When it comes to an actual discussion, when you ask him questions, he doesn’t believe in anything, or care to be quite honest. The topic turns to gay marriage. His response “I don’t care, as long as they’re not trying to kiss me!”

When your parents and aunt and uncle are complaining about taxes, he butts in that there “shouldn’t really be taxes.” When asked how government services would paid for, he responds that everyone would just figure it out for themselves.

His way of solving problems is to not deal with them and hope they work themselves out. He cites Darwin’s “Survival of the Fittest” theory when presented with most problems, and leaves the room. Maybe you weren’t “fit” enough to be invited to the wedding?

Gary Johnson is your new cousin-in-law, and he doesn’t give a sh*t if it doesn’t have to do with Gary Johnson.

Jill Stein, Green Party: Your Uncle’s New Wife

Your Uncle’s first wife was controlling, and the moment his kids left for college he got out of there. Everyone thinks he went to the other end of the spectrum by marrying Jill Stein, but you know he secretly can’t stay away from women who take charge. Jill Stein appears to be extremely easygoing, but actually doesn’t just control your uncle, but your entire family over minuscule things. Don’t even mention name-brand washing detergents.

For some reason her hair is gray, but everyone is pretty sure she dyed it that way. Also, when she’s not wearing women’s suits for work, her dresses look like they were made for the poetry slam after a long day at Woodstock.

Your Uncle brags that she went to Harvard, but nobody really knows how that influenced her life at all.
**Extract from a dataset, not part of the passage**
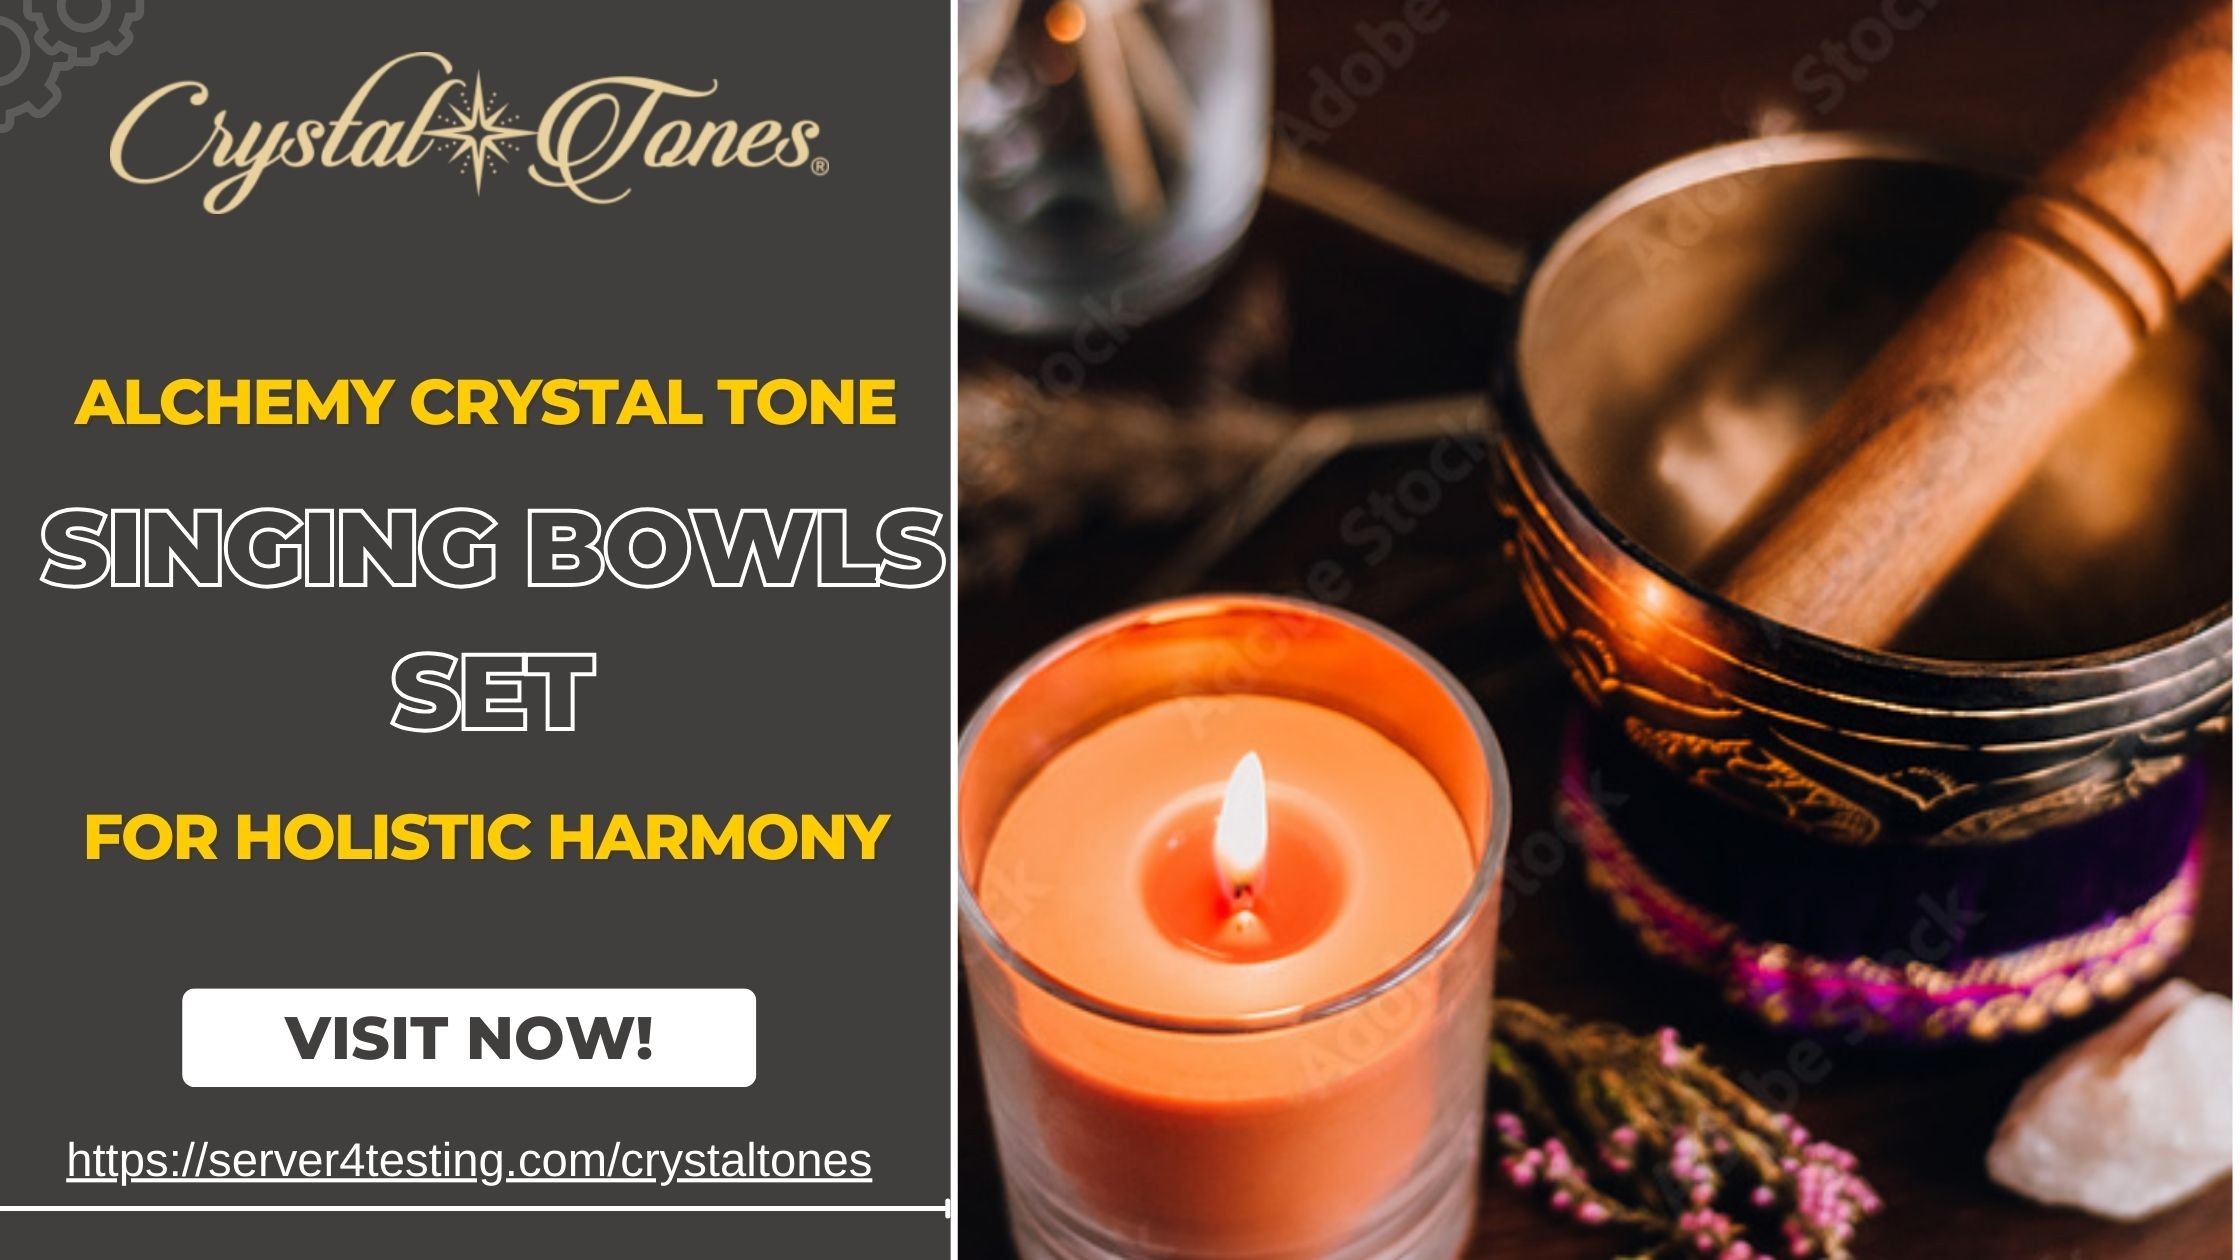 Alchemy Crystal Tone Singing Bowls Set for Holistic Harmony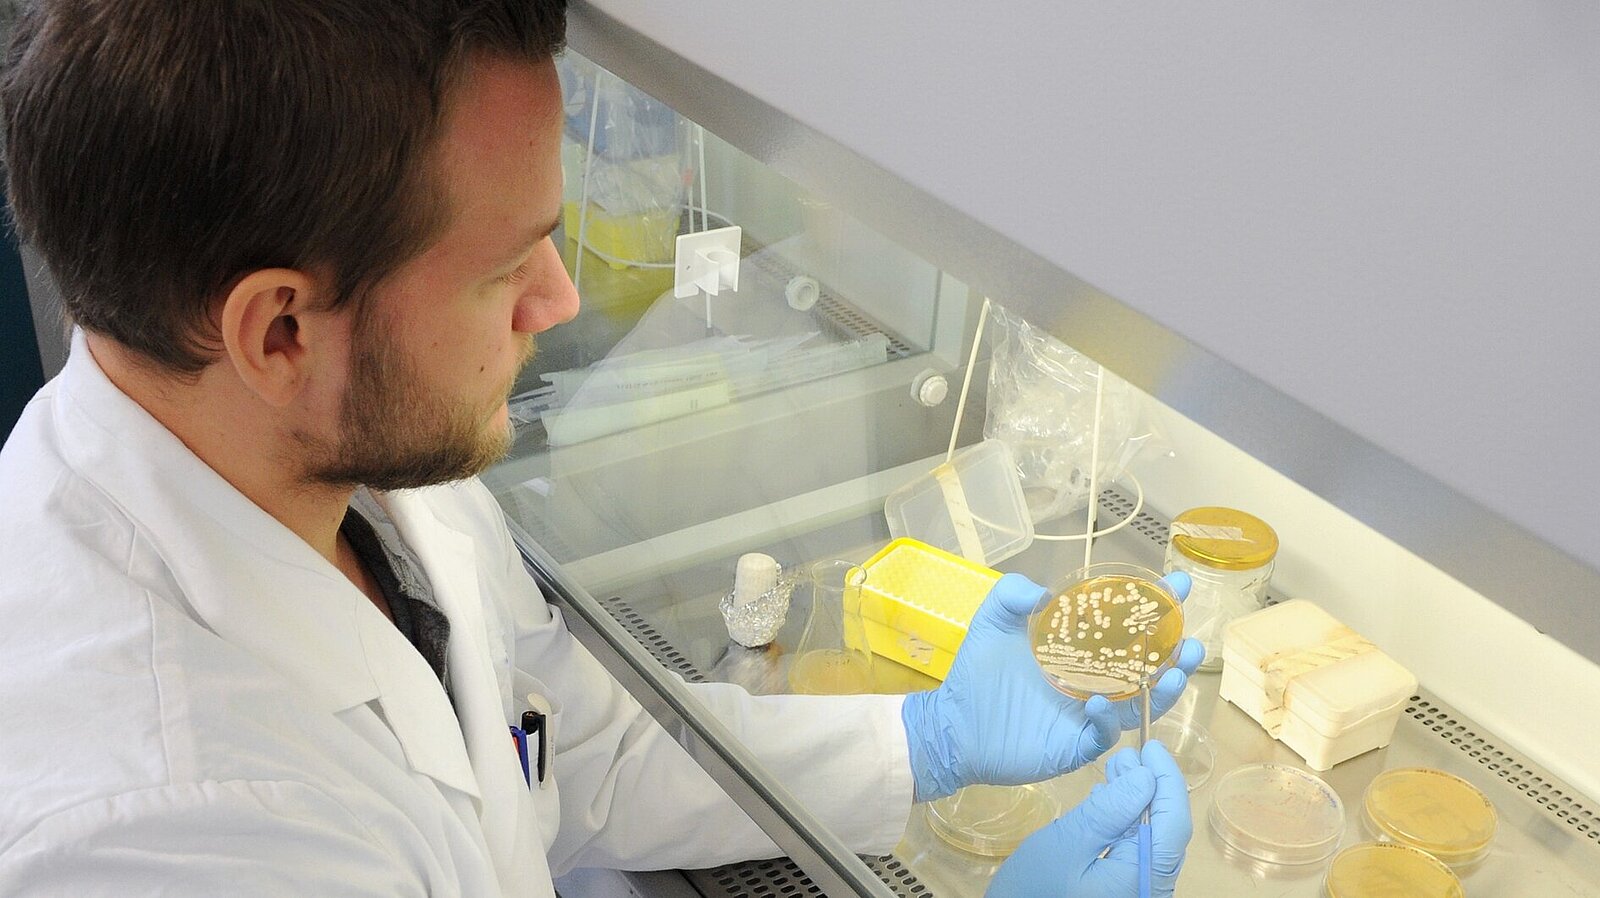 Ein Mann im weißen Kittel untersucht den Inhalt einer Petrischale.

Jill locked herself in a room for two days because Bernie Sanders isn’t progressive enough and even he’s gone. You try to tell her that saying Bernie isn’t progressive enough is like saying the Pope isn’t Catholic enough, but that sparks a whole other discussion about separation of church and state.

Also, she might still have LSD trips, and they might be flashbacks from the ’70s, but they might also be from last week. All your friends think that she’s super cool, but that’s probably because her brownies aren’t like any other grandma’s.

Just because these third party candidates are crazy, doesn’t mean the two-party ones aren’t. So, have fun picking the leader of the free world from the looney-toon bin.